In today’s less-than-awesome news, Harry Potter is the walking dead.

Whatthefuuuuuuuuuuuuuck is going on here? Let’s have a pop (culture) quiz.

In this picture Daniel Radcliffe is:

a. High.

b. Constipated.

c. Trying to smile while being eaten by his own eyebrows.

d. Really really high.

e. Wearing a little too much blusher, chickie.

f. A zombie who is a man pretending to be a woman pretending to be a man.


h. In desperate need of a new stylist. (How about Rachel Zoe? At least she errs on the side of tan.)

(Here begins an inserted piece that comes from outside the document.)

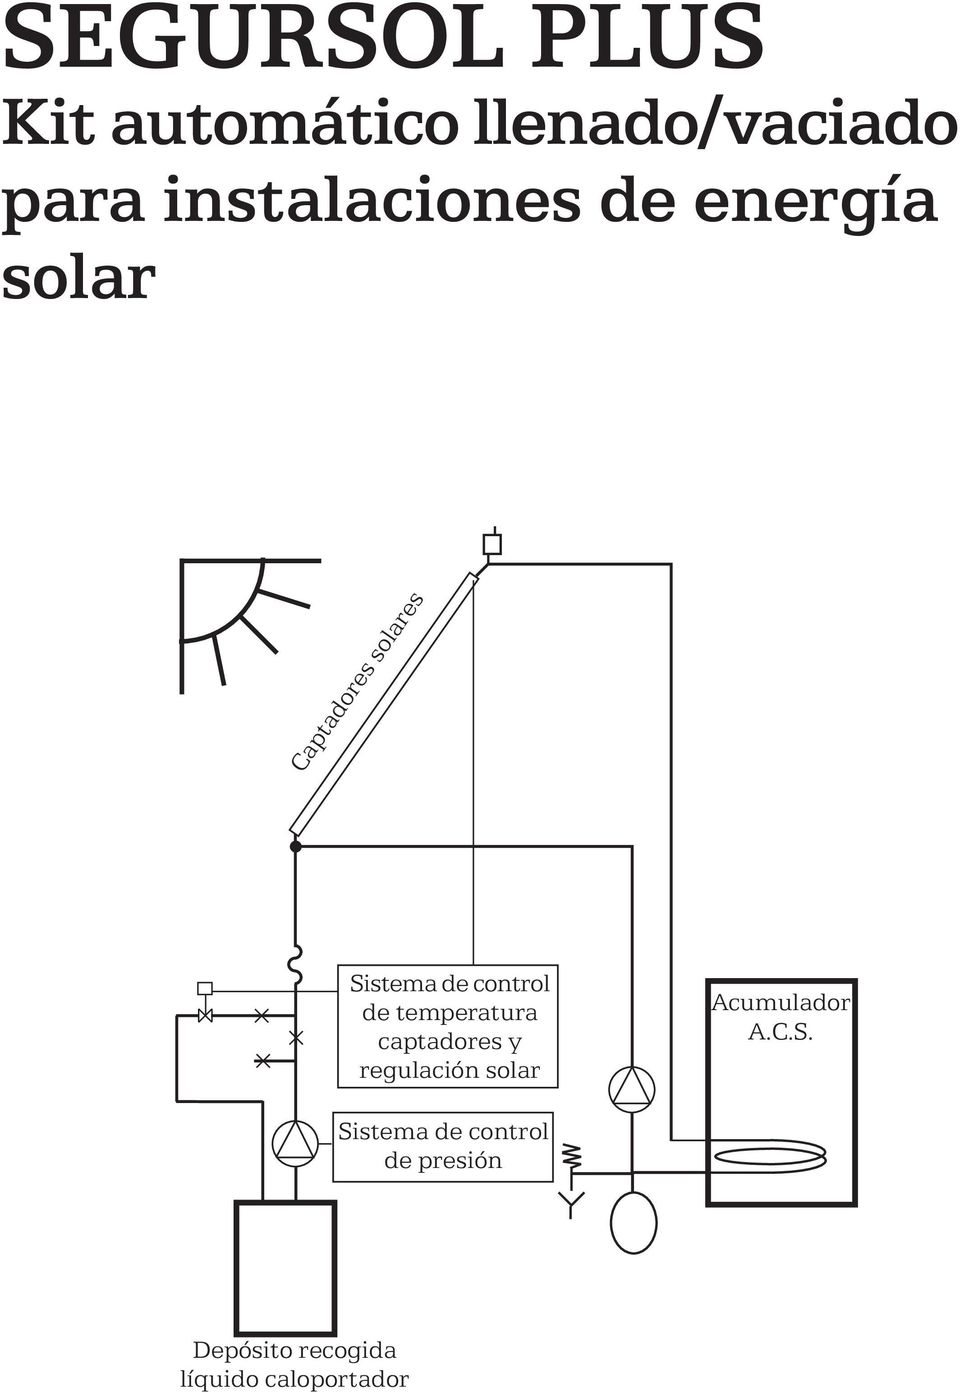 control de temperatura captadores y regulación solar
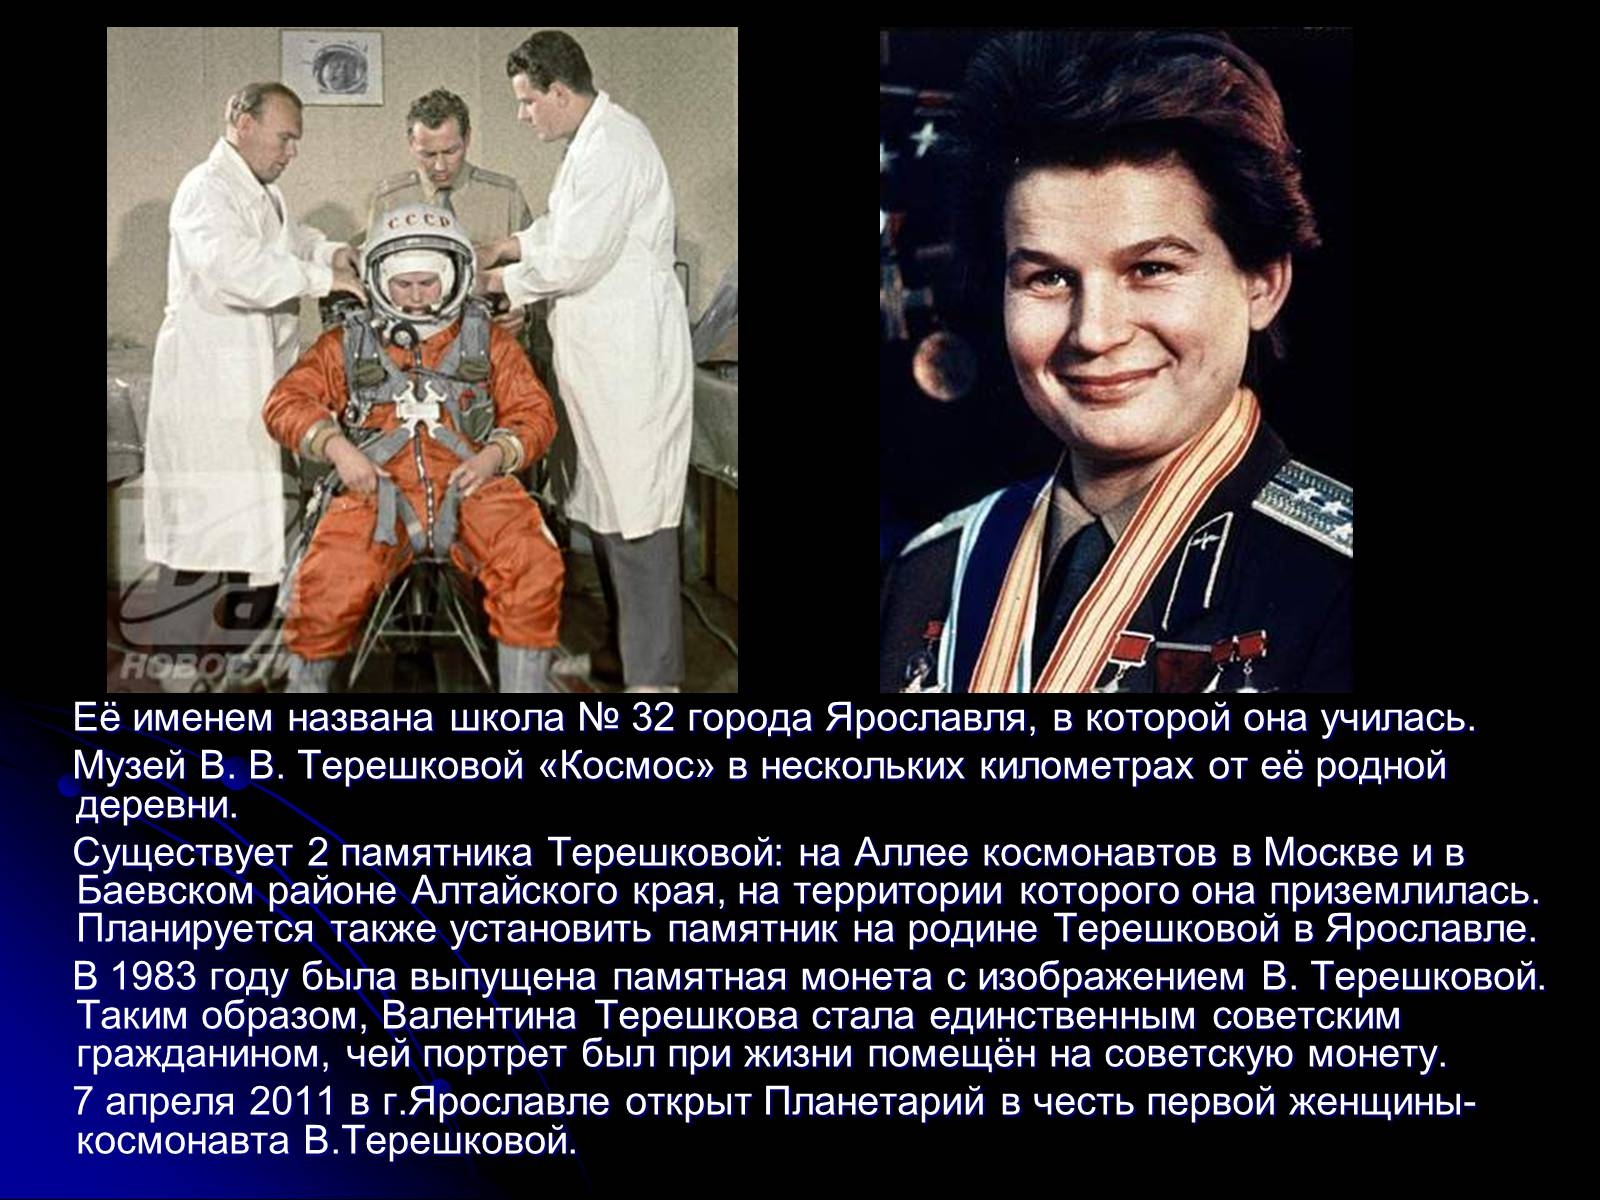 Имя первой полетевшей в космос. Герои космоса Терешкова.

i. Near death from stage makeup asphyxiation a la “Goldfinger.”

j. In need of a little collagen already.

k. Really really really fucking high.

l. All of the above.

I’m just saying…



  1. I choose M

    Comment by ESC — August 24, 2006 @ 3:52 pm

  2. psst…found my shoe baby at Zappo’s..but could not find the black patent high heel with the peep toe I actually bought..curses!

    Oh, and I choose G. Natch.

    Comment by Tot — August 24, 2006 @ 4:29 pm

  3. I’d send a belated Happy 40th Birthday card in about a month or two.

    But I’m like that.

    Is it me or did Daniel Radcliffe’s head get bigger or something? Maybe Hermione put a big headed curse on him or something.

    Comment by Vince — August 24, 2006 @ 4:31 pm

  4. Since he got all naked in that London play he thinks he’s a big shot.

    I think he might be wearing lipstick too.

    I guess Zombie, so F.

    Comment by Seth — August 24, 2006 @ 5:12 pm

  5. Awww. I just re-watched the first HP movie where he was this cute little kid. I can’t make fun of him yet.

    Maybe later this evening…

    Comment by Aimee — August 24, 2006 @ 5:24 pm

  6. Dude, why does everyone bag on him for being nekkid in Equus? I know lots of people who have been in productions of that, nekkid, including my own boyfriend.

    That being said, I can’t comment on G until I hear Daniel count. “One pre-cancerous mole on my face, ah ah AH. Two pre-cancerous moles on my face, ah ah AH. Three pre-cancerous moles on my face, ah ah AH.” Or maybe those are just zits.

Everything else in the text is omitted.